O poeta Augusto de Campos, um dos criadores do movimento da poesia concreta, se considera quase que um brasiliense. Ele e a mulher, Ligia, visitam a cidade com certa frequência, desde a década de 1980, quando um dos seus filhos, Roland Campos, passou a lecionar na Universidade de Brasília. Augusto esteve de passagem por Brasília, na semana passada, para participar do seminário Arte e ciência, promovido pelo Departamento de Literatura da UnB. No evento, apresentou uma performance de poesia, acompanhado pelo filho Cid Campos. Nesta entrevista, ele fala sobre Brasília, Oswald de Andrade, poesia, vida, morte e futebol.
;Quero ser surpreendido;
Como despertou para o mundo da poesia?
Eu e meu irmão Haroldo estudamos no Colégio São Bento, em São Paulo, que oferecia um ensino privilegiado e havia sido frequentado pelo Oswald de Andrade. No primeiro ano em que o espanhol foi introduzido institucionalmente, li o Dom Quixote, de Cervantes. Nós estudávamos oito anos de latim. Aprendíamos inglês, francês e espanhol. Havia a possibilidade de aprender grego. Tínhamos colegas brilhantes como é o caso do Boris Fausto, que era poeta e se tornou historiador, um dos sujeitos mais inteligentes que conheci. Quando comecei a fazer os meus primeiros poemas tinha 15 anos, eram uns sonetos. Em casa, o meu pai, sem ser um especialista, era muito dotado para a arte. Por meio dele, ouvi Camões, de quem ele fazia uma paródia em trecho que mencionava um certo Eurico: ;Quem sabe eu rico em outros climas;. Alcançamos o nível de classe média alta, mas veio o crack da bolsa e nós decaímos na escala social e tivemos de morar em uma pensão durante algum tempo até meu pai recuperar a antiga condição.
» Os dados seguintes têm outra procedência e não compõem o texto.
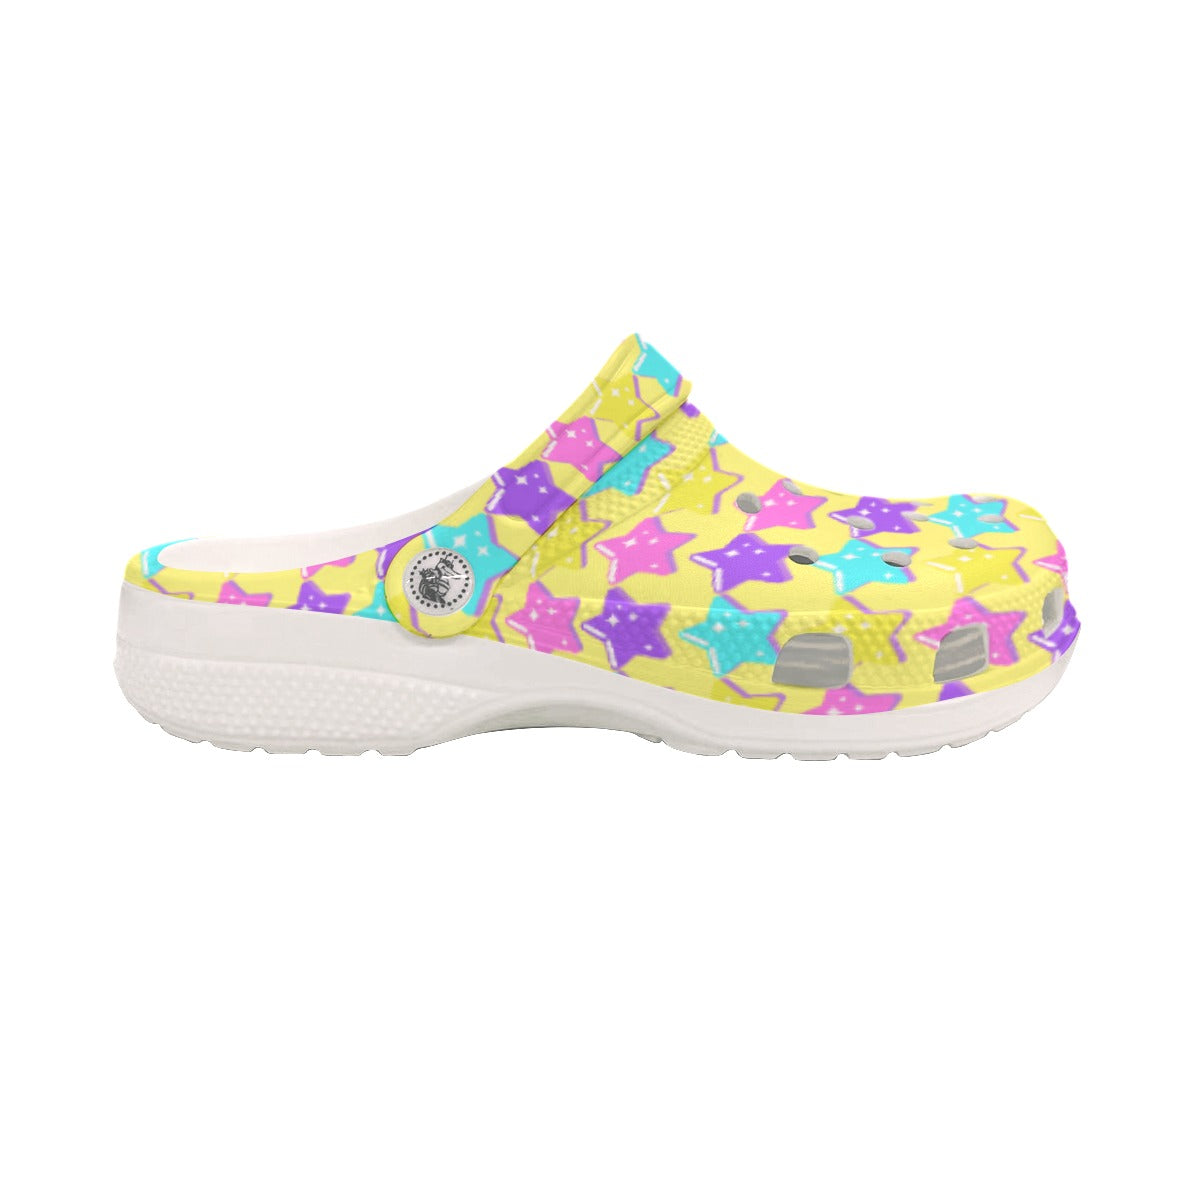 Electric Star Wave Yellow Classic Clogs Women's Shoes

E a ascendência baiana, de onde vem?
Minha família era paulista de uma família quatrocentona. Depois que lemos James Joyce e Yeats, ficamos satisfeitos de saber que o meu bisavô era irlandês e minha bisavó baiana. Quem sabe a minha afeição pelos baianos vem daí.
Mas quando escreveu os primeiros poemas?
Comecei a desenhar e o Haroldo a escrever uns contos, que vendíamos a nossas tias. O meu pai achou muita graça e mandou fazer um carimbo oval com os dizeres: Escritório Irmãos Campos.
É daí que o Oswald de Andrade tirou a história de que vocês constituíam uma firma de poesia?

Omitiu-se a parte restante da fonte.